Heboh Penampakan Sepeda Onthel Terompet Raksasa Jogja

Baru-baru ini netizen dibikin takjub dengan kemunculan foto sepeda onthel model kumbang dengan terompet raksasa. Bagi yang tinggal di Jogja mungkin tidak abnormal dengan pemandangan menyerupai itu. DIY sebagai kota budaya kerap mengusung Jogja Biennale untuk merias jalanan-jalanan dan ruang publik biar tampak keseniannya.

baru ini netizen dibikin takjub dengan kemunculan foto sepeda onthel model kumbang dengan  Heboh Penampakan Sepeda Onthel  Terompet Raksasa Jogja

Biennale atau pameran seni dua tahunan, menjadi fenomena belakangan ini. Setiap kota atau komunitas seni di Indonesia berbondong-bondong menyelenggarakan biennale sesuai versinya masing-masing. Bukan Jogja namanya jikalau tidak berhasil mencuri perhatian khalayak lewat acara seninya.

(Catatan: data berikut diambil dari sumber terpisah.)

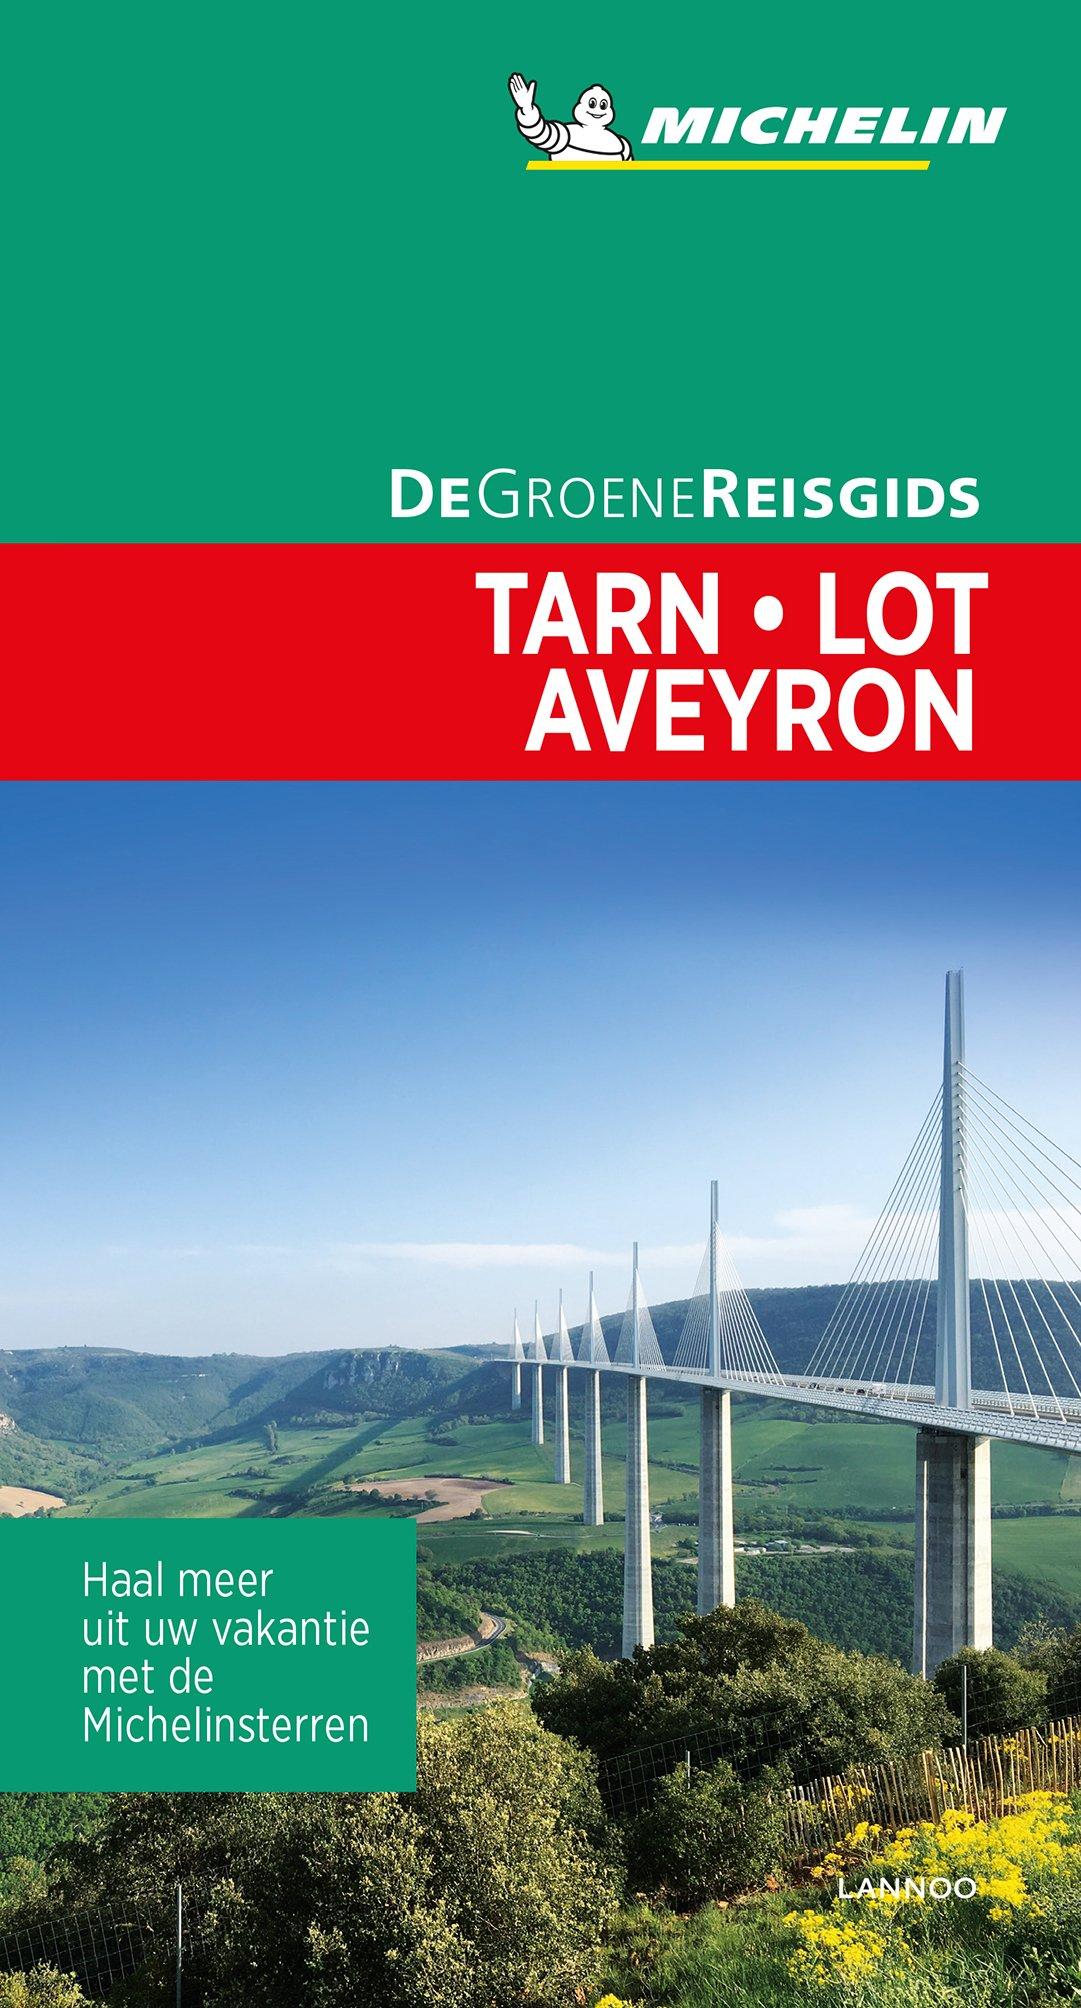 Tarn, Lot, Aveyron | Michelin reisgids 9789401457156  Michelin Michelin Groene gidsen  Reisgidsen Cevennen, Lozère, Gard en Aveyron, Dordogne, Lot, Tarn

Foto itu bukan karya seni olahan photoshop, foto dengan judul ‘Awas sepeda onthel dengan terompet raksasa mau lewat’ itu asli. Hasil karya seni itu merupakan garapan dari Jogja Street Sculpture Project (JSSP) 2015, Asosiasi Pematung Indonesia (API), dan Dinas Kebudayan DIY.

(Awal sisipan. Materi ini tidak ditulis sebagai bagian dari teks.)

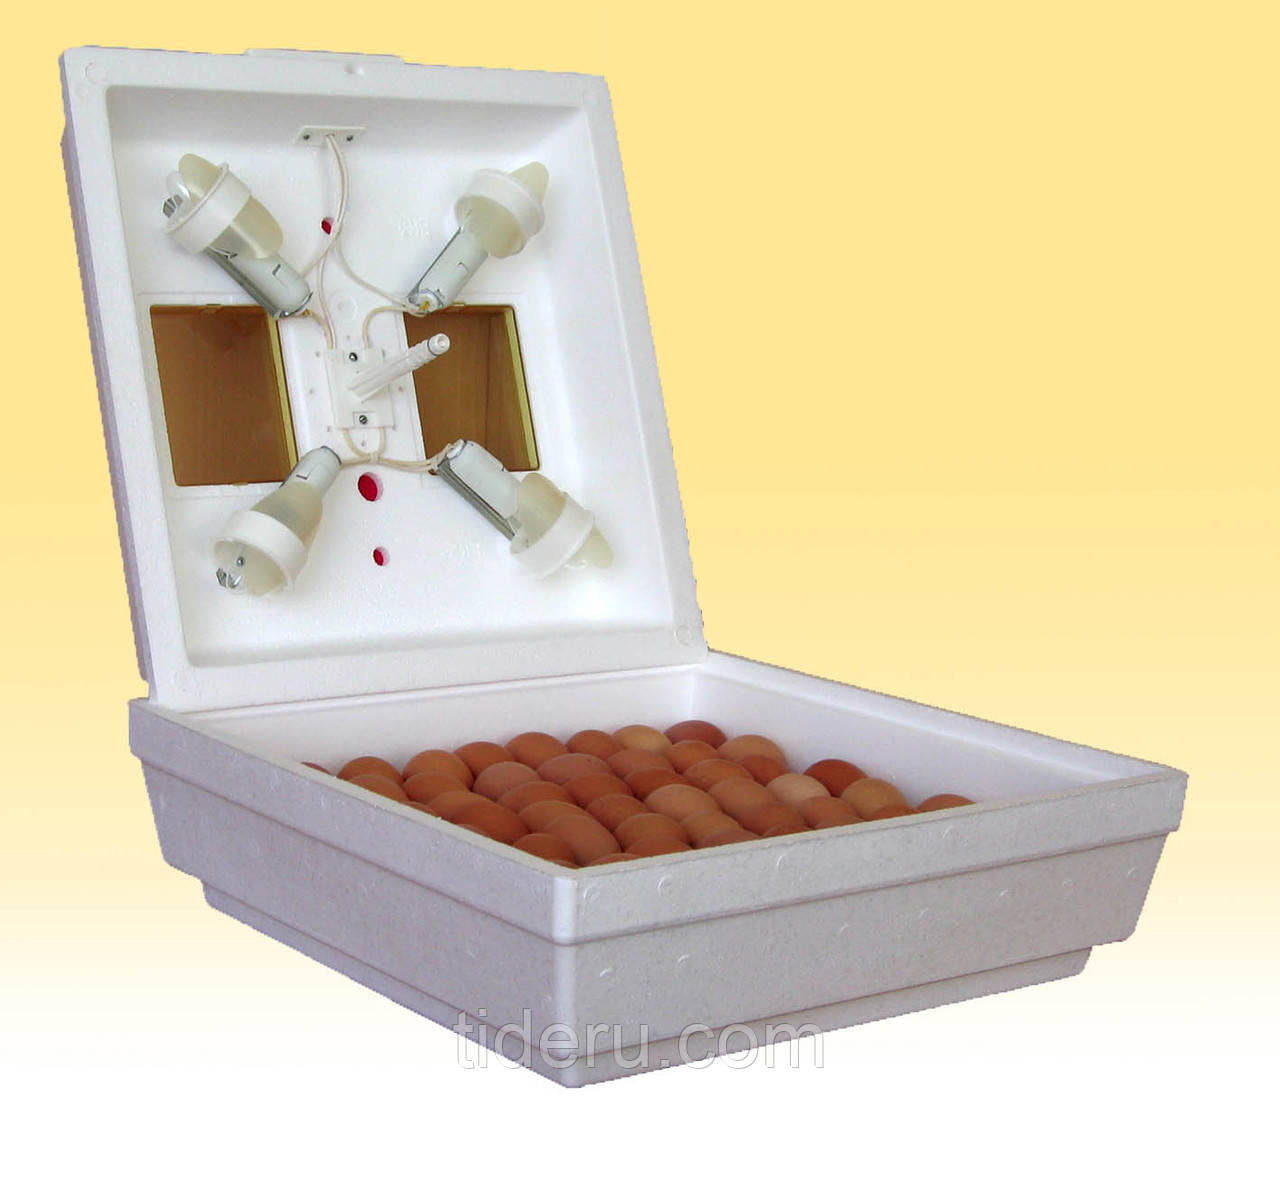 Инкубатор Квочка МИ-30-1-С с ручным переворотом и автоматическим регулятором температуры
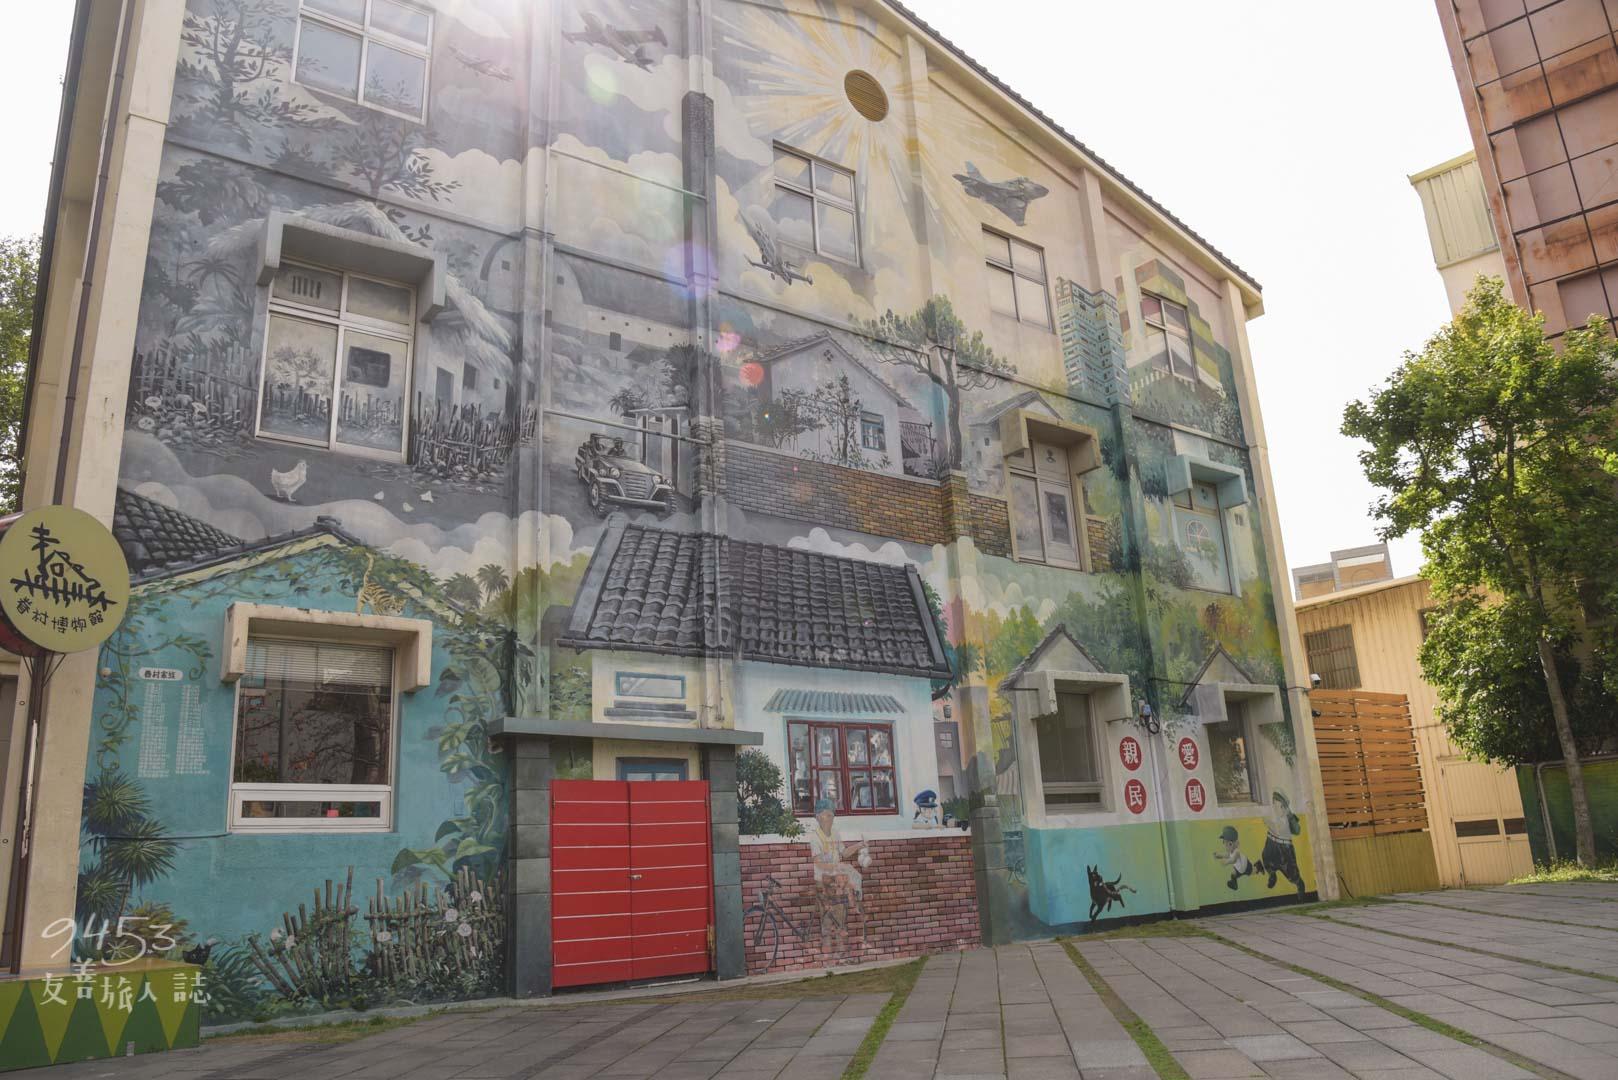 眷村博物館彩繪外牆

Selain di Jalan Malioboro, Jogja Biennale juga dapat ditemui di sepanjang Jalan Mangkubumi, kawasan sekitar Tugu Jogja. Anda dapat berfoto-foto baik selfie maupun groupie, tanpa ongkos alias free. Sejak di-posting di instagram oleh akun @iwanmaco, foto ini pribadi di-like hampir 6000 orang.

Sumatera Biennale, Makassar Biennale hingga Terracota Biennale yang gres saja digelar awal bulan Juni di Yogyakarta. Kurator berbasis di Yogyakarta mengungkapkan fenomena tersebut menarik diterjemahkan ke seni kontemporer Indonesia sendiri.

Sama dengan penyelenggaraan Biennale Jogja edisi Khatulistiwa yang ketiga ini. Pihaknya mengajak seniman dari negara-negara yang belum terpikirkan oleh penyelenggara di Indonesia. Seperti Nigeria di Afrika Barat yang dikenal dengan ketidakamanannya dan pengedar narkoba.

Hal ini pula yang menciptakan Biennale Jogja unik dan berbeda dengan biennale lainnya. Pihaknya pun bekerja dengan dana terbatas, intim, dan bukan besar-besaran. Untuk menggalang dana biennale, Biennale Jogja menggelar pameran karya seni ‘Pursuing the Future’ di Ruci Artspace.